Небезынтересно, что А. А. Кадьян и И. С. Покровский многие годы были лечащими врачами семьи Ульяновых.

Навещал Д. Д. Минаева и Аполлон Аполлонович Коринфский — соученик Владимира Ульянова по первым шести классам Симбирской классической гимназии.

В эту «тесно сплоченную кучку» помимо А. А. Кадьяна и ссыльных народоволок    М. А. Гисси и Л. И. Соловьевой входили мастер кузнечного дела чувашской школы И. Я. Яковлева — П. А. Фадеев (у которого хранилась тайная гимназическая библиотека в годы учения Владимира Ульянова), бывший народный учитель В. И. Маненков, а ныне публицист «Самарской газеты», печатавшийся там под псевдонимом «Старостин», а также несколько студентов (знакомых Александра и Владимира Ульяновых), исключенных из университетов за участие в «беспорядках». Словом, это была такая публика, которая всегда интересовала Дмитрия Дмитриевича, и он заявил Коринфскому о своем желании с ней познакомиться. Минаев внимательно вникал и во все другие стороны жизни Симбирска, изредка бывал в театре и, уж конечно, в Карамзинской общественной библиотеке, которой жертвовал книги.

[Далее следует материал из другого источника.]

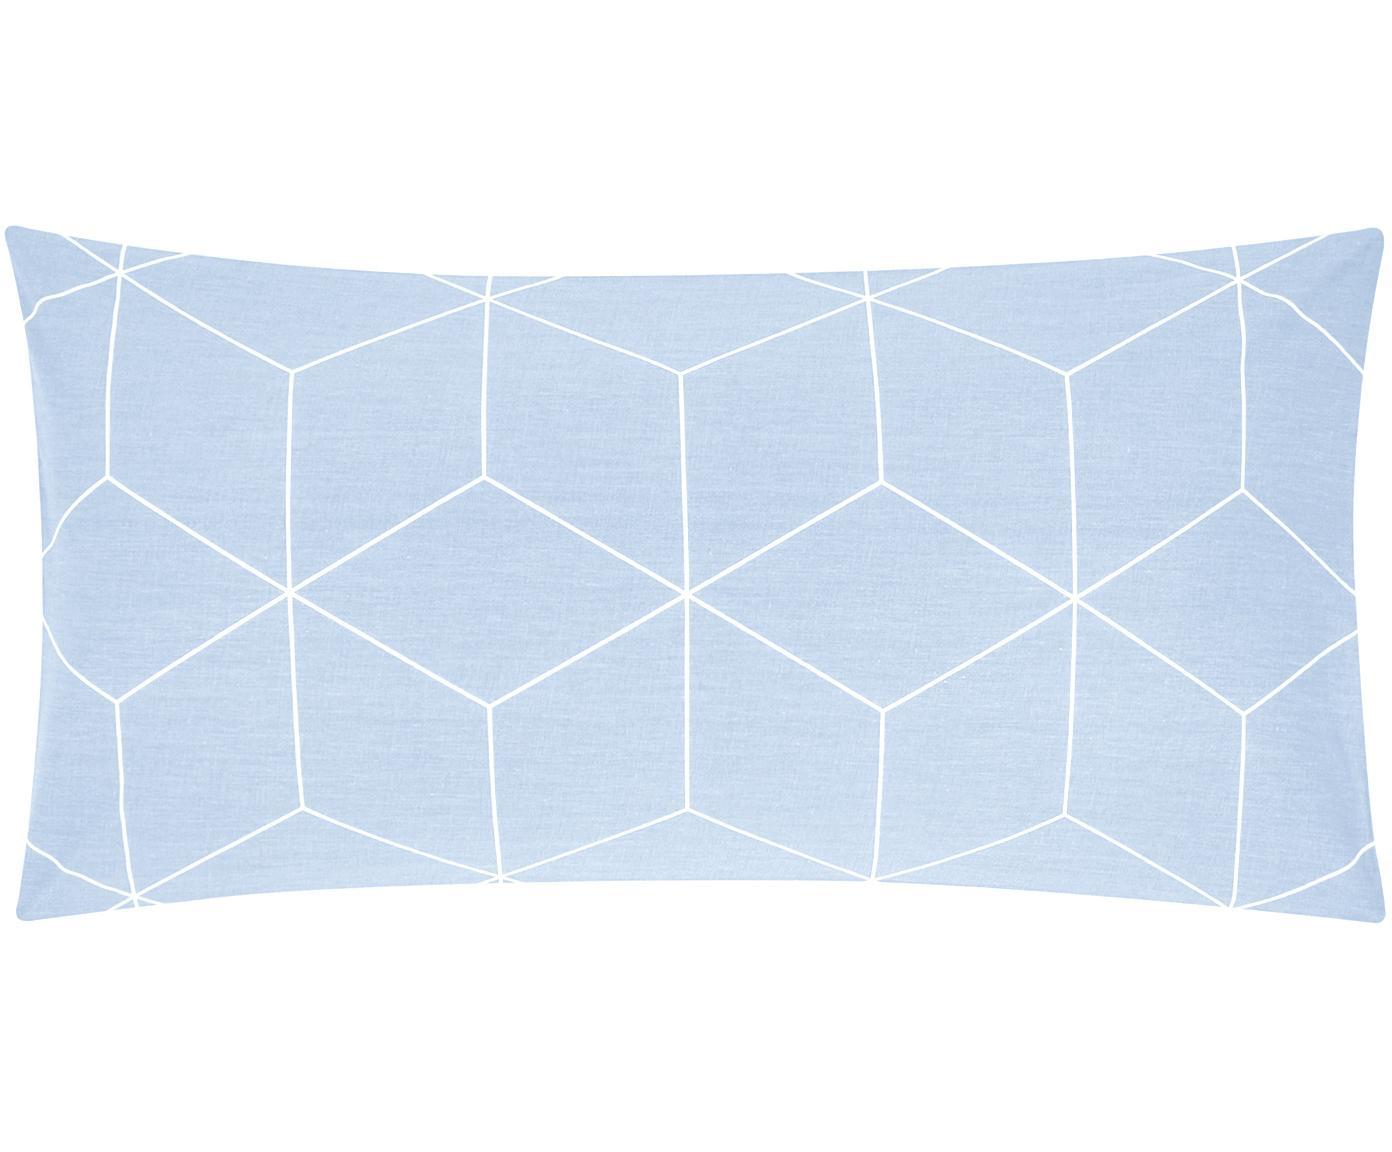 Baumwoll-Kissenbezüge Lynn mit grafischem Muster, 2 Stück, Webart: Renforcé Fadendichte 144 , Hellblau, Cremeweiss, 40 x 80 cm

В апреле 1889 года почечные приступы у Дмитрия Дмитриевича участились и приняли еще более болезненный характер. Но и угасая, он старался поддерживать бодрость духа, а когда становилось лучше, возобновлял работу. Его «лебединой песней» стали переводы эпиграмм римского поэта-сатирика Марка Валерия Марциала, которого высоко ценили Михаил Ломоносов, Александр Пушкин. Мечтал Минаев написать воспоминания о былом, встречах и знакомстве с замечательными людьми.

Новый приступ, случившийся в ночь с 9 июля на 10 июля, положил всему конец. Дмитрия Дмитриевича не стало…

На третий день, в среду 12 числа, состоялись похороны известного поэта и гражданина. И особенно печально они выглядели оттого, что их игнорировало симбирское общество. Ни одно государственное или общественное учреждение не прислало ни венка, ни представителей. Даже Карамзинская библиотека, которой Минаев дарил книги, или, скажем, классическая гимназия, в стенах которой на благотворительных концертах еще в 60-х годах читались - его стихи, уклонились от отдания почестей поэту-земляку. Кроме Е. Н. Худыковской, в последний путь Д. Д. Минаева проводили всего трое истинных почитателей его таланта — Аполлон Коринфский, Василий Старостин (Маненков) и Павел Розанов, несколько старушек-соседок, хор из 7—8 певчих, столько же нищих-оборванцев, несколько извозчиков да церковный причт.

Конечно, чувства искреннего сожаления испытывали и почитатели и земляки Минаева Ульяновы, жившие уже в Самаре.

Интерес Ульяновых к личности и творчеству поэта-сатирика имел глубокие корни. В статье «Поэты «Искры» Надежда Константиновна Крупская об этом писала так: «Имена    В. Курочкина, Дмитрия Минаева, Пушкарева, Жулева мало известны современной молодежи, историки литературы о них не упоминают, а между тем, они имели очень сильное влияние на поколение, к которому принадлежал В.И. Ленин».                                                                                                 

Д.Д. Минаев является одним из тех художников слова, чьи творения оказали  громадное влияние на всю передовую Россию, он достоин благодарной памяти и глубокого уважения.